Book Review: Undocumented - A Dominican boy's odyssey from a homeless shelter to the Ivy League
Some of the best books are the ones that just find a way to your hands. There isn’t an all-out blitz to go find them; there isn’t any extended time examining book titles on a bestseller’s list or finding it after perusing shelves at the local Barnes and Noble. In the case of Undocumented: A Dominican Boy’s Odyssey from a Homeless Shelter to the Ivy League, this book came courtesy of a friend who read the book and had a hunch that I would enjoy it. After reading the first several pages, that hunch was correct and the book was rarely put down.
While the story is about one person’s journey, the story can be told for countless individuals who face similar circumstances. The author, Dan-El Padilla Peralta, tells a story about making it that doesn’t come off as an “I made it” story, and that is not easy to do considering it is autobiographical. He writes the story in a way that puts the reader right in the middle of his and his family’s circumstances: from the time he and his parents came to the states to his mother giving birth to his younger brother to his father leaving the family to return to their native Dominican Republic when Dan-El was only seven years old.
There are stories of the learning styles in the Santo Domingo schools compared to New York schools and how he was able to be more of a self-learner in his native country as opposed to having to work with others when he got to classrooms in elementary school in the states. However, his style of learning was never intentionally selfish. At the center of Dan-El’s education is his love of reading, how reading is truly the primary activity he enjoyed from the time he was a child all the way through adulthood.
The struggles he and his family faced were real. Dan-El and his mother did not have their citizenship papers, leaving his youngest brother as the only citizen in the family which affected everything from being eligible for food stamps to particular forms of housing. His mother didn’t have papers, which made it damn near impossible to get a steady job and provide for her family, which was made tougher since she was the only parent available to watch her two young sons. As a family, they always found a way, but there were many challenges and obstacles they faced together and those challenges and obstacles, along with Dan-El’s love of learning and education, helped fuel him to provide a better life for his family.
Dan-El writes about the people who make a difference in his life; every step of the way and every single point in his journey, Dan-El gives props to the people who helped shape the young boy he was, the young man he grew into, and the young man he became. He gives props to his friends, gives praise to mentors in the church, in the classroom and people he was fortunate enough to meet along the way. He keeps family first and writes about how much reading carried him through good and bad times. Sure, he did things that young people did growing up: he told the occasional lie to his mother, he ignored his younger brother at times, he had his obstacles with peer pressure, and he tells these stories in a way that are relatable to the reader. He is also very honest about his own issues with self-identity. He was a poor kid who was fortunate enough to attend private schools. It presented a duality in him in that he felt he had to be one person in the hood with the people he grew up with and a completely different person at school with people who were also a part of his life.
At the heart of the story are the challenges he and his family face as undocumented citizens of the United States.
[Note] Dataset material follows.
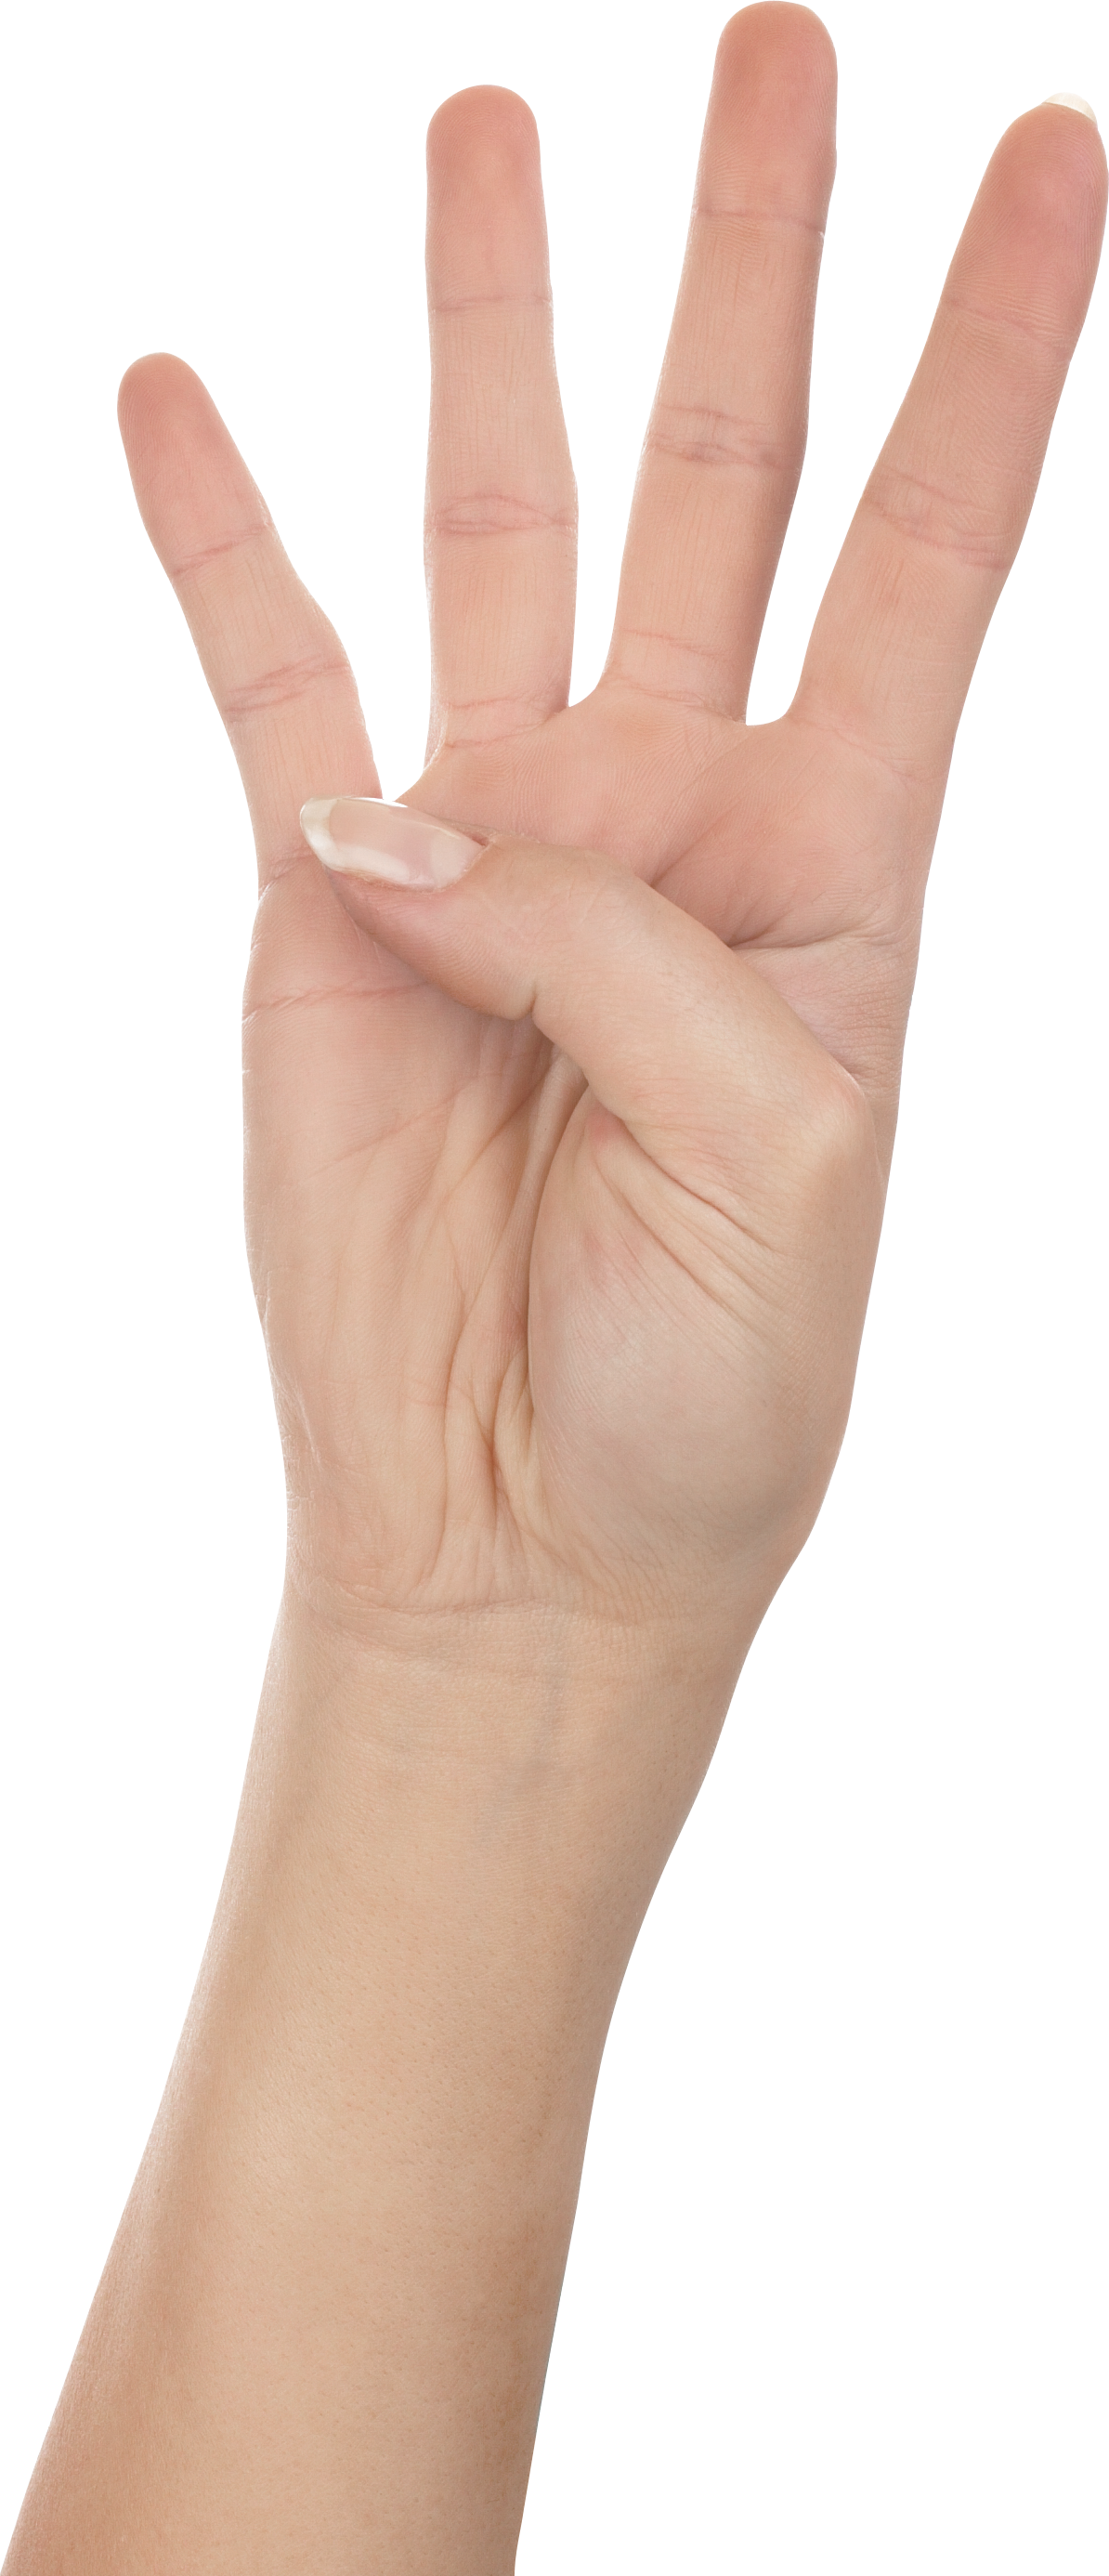 four fingers PNG image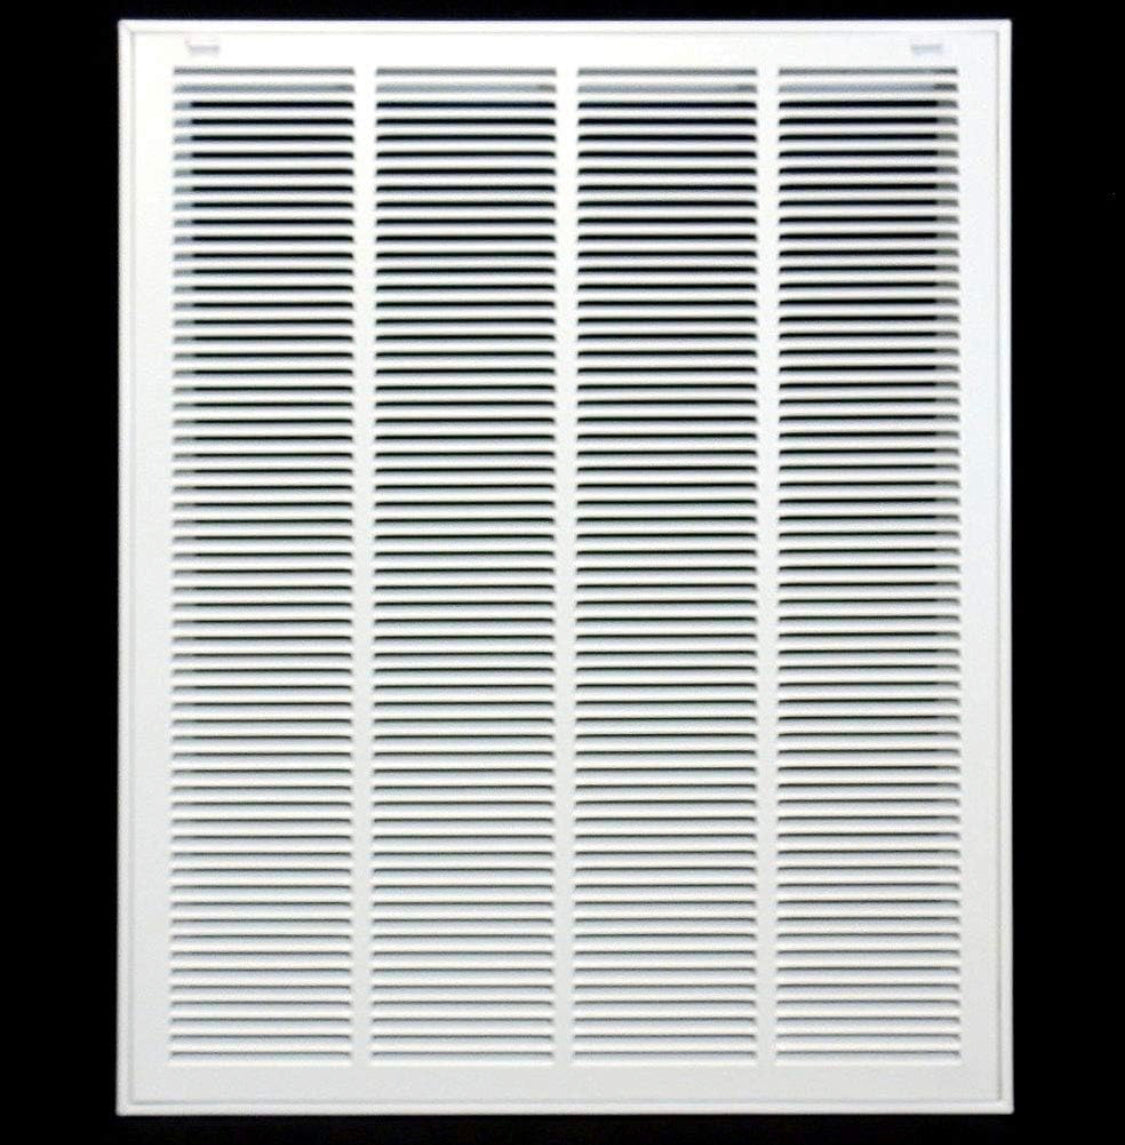 20" X 30" Steel Return Air Filter Grille for 1" Filter - Easy Plastic Tabs for Removable Face/Door - HVAC DUCT COVER - Flat Stamped Face -White

Dan-El did not find it easy sharing his circumstances with citizenship, or lack thereof, with many people and did not really open up until he was in college. He would listen to peers and their criticisms of the undocumented population while those same people did not realize that he was one of the people they were heavily criticizing. The issues surrounding public assistance in the form of simply being able to eat and having somewhere to live are heartbreaking. The obstacles he writes about when it comes to obtaining an education should have been insurmountable, yet he found a way to get things done. Yet by his own admission, he realizes that various people in similar situations do not have the resources he had to be able to attend a prestigious high school, or go to the Ivy League for college or study abroad. He tells his story without pounding his chest. He champions the cause of his people and does so in an eloquent and humble way.